The universe of deals spanned the globe and our winner exhibited some of the best characteristics of the capital markets and for that alone we acknowledge it.  But with the benefit of hindsight, now including 4 months of tough economic times, we think the deal not only reflected good investment banking and advisory services, but the trend setting hallmarks of a transaction among public shipping companies, which the industry needs more of to regain a level of prosperity.

It is out of a universe of interesting deals in a tumultuous year that we salute the Excel Maritime acquisition of Quintana and the excellent work of both Deutsche bank on behalf of Excel and Citi for their advisory of Quintana.

The use of shares, the pure dollar size, the dynamic management personalities, the resulting company and the turbulent history of the transaction are all reasons we selected this deal as our Merger and Acquisition transaction for 2008.

Before we discuss our winners in some detail, as can be seen in the accompanying Deal tables, the selection process was not simple. There are two additional transactions worthy of respectful mention.

Global Ship Lease and Marathon
This fascinating deal deserves special mention before moving on.  Innovative, an example of solid execution in an increasingly turbulent environment, important to all participants and just plain big this deal could as easily have won.  Jefferies, which advised Marathon, the Special Acquisition (SPAC blank check) company, and Citi, which advised Global Ship Lease did some heavy lifting to bring the deal to a successful vote by the Marathon shareholders.
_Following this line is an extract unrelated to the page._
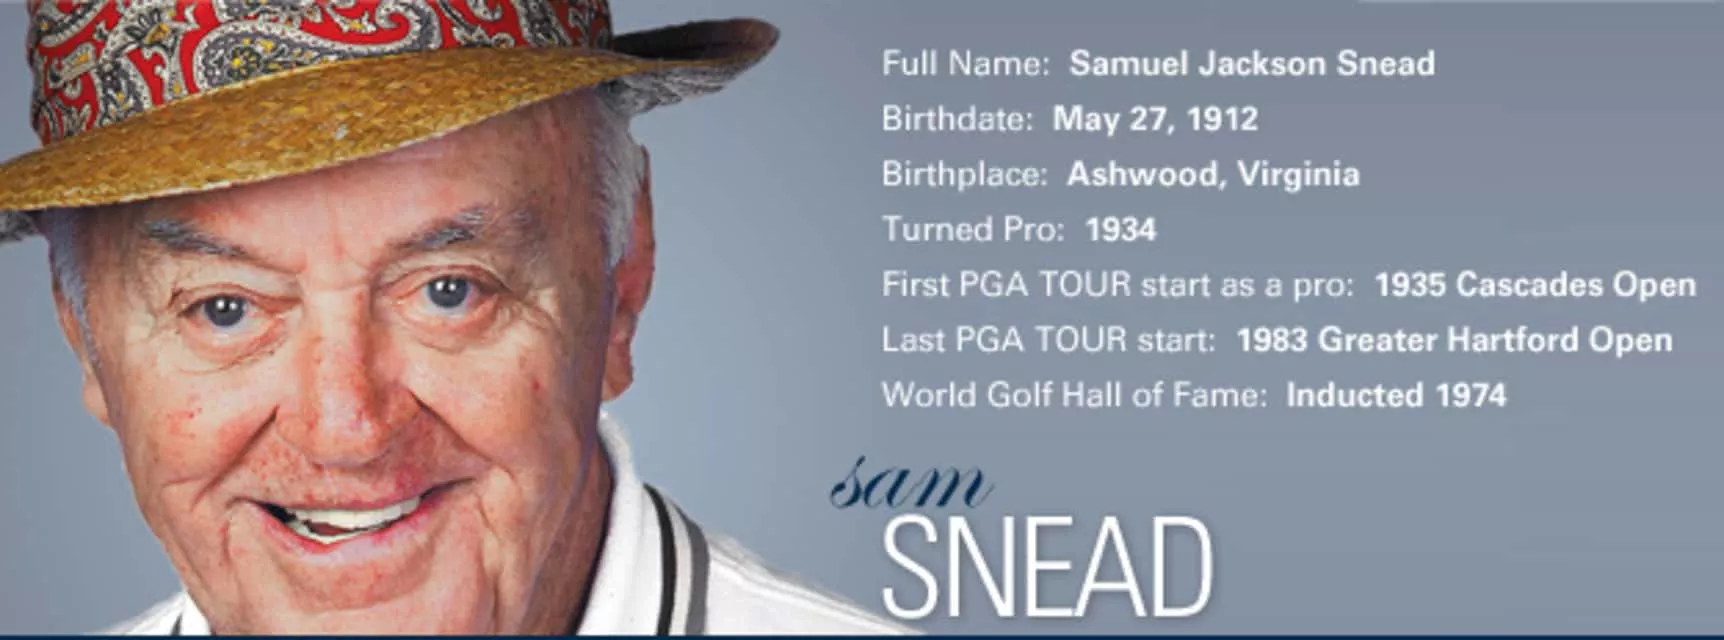 Sam Snead - American professional golfer

By acquiring Global Ship Lease the CMA-CGM sponsored containership owning and chartering company, Marathon concluded the largest shipping SPAC and fourth largest SPAC ever, at US$1 .1 billion.

The new venture marries some pretty terrific building blocks.  CMA-CGM which retains a 26% interest in the deal is the third largest shipping company in the world, with massive revenues, fleet and teu capacity.  GSL has a tried and true management, stable earnings picture, and now access to public equity to fund future growth.  For Marathon, an experienced financial manager, which retains a 17% ownership the deal concludes what it had set out to do when it raised its SPAC.

Interestingly it was Citi which had been the sole bookrunner for the Marathon IPO in August 2006.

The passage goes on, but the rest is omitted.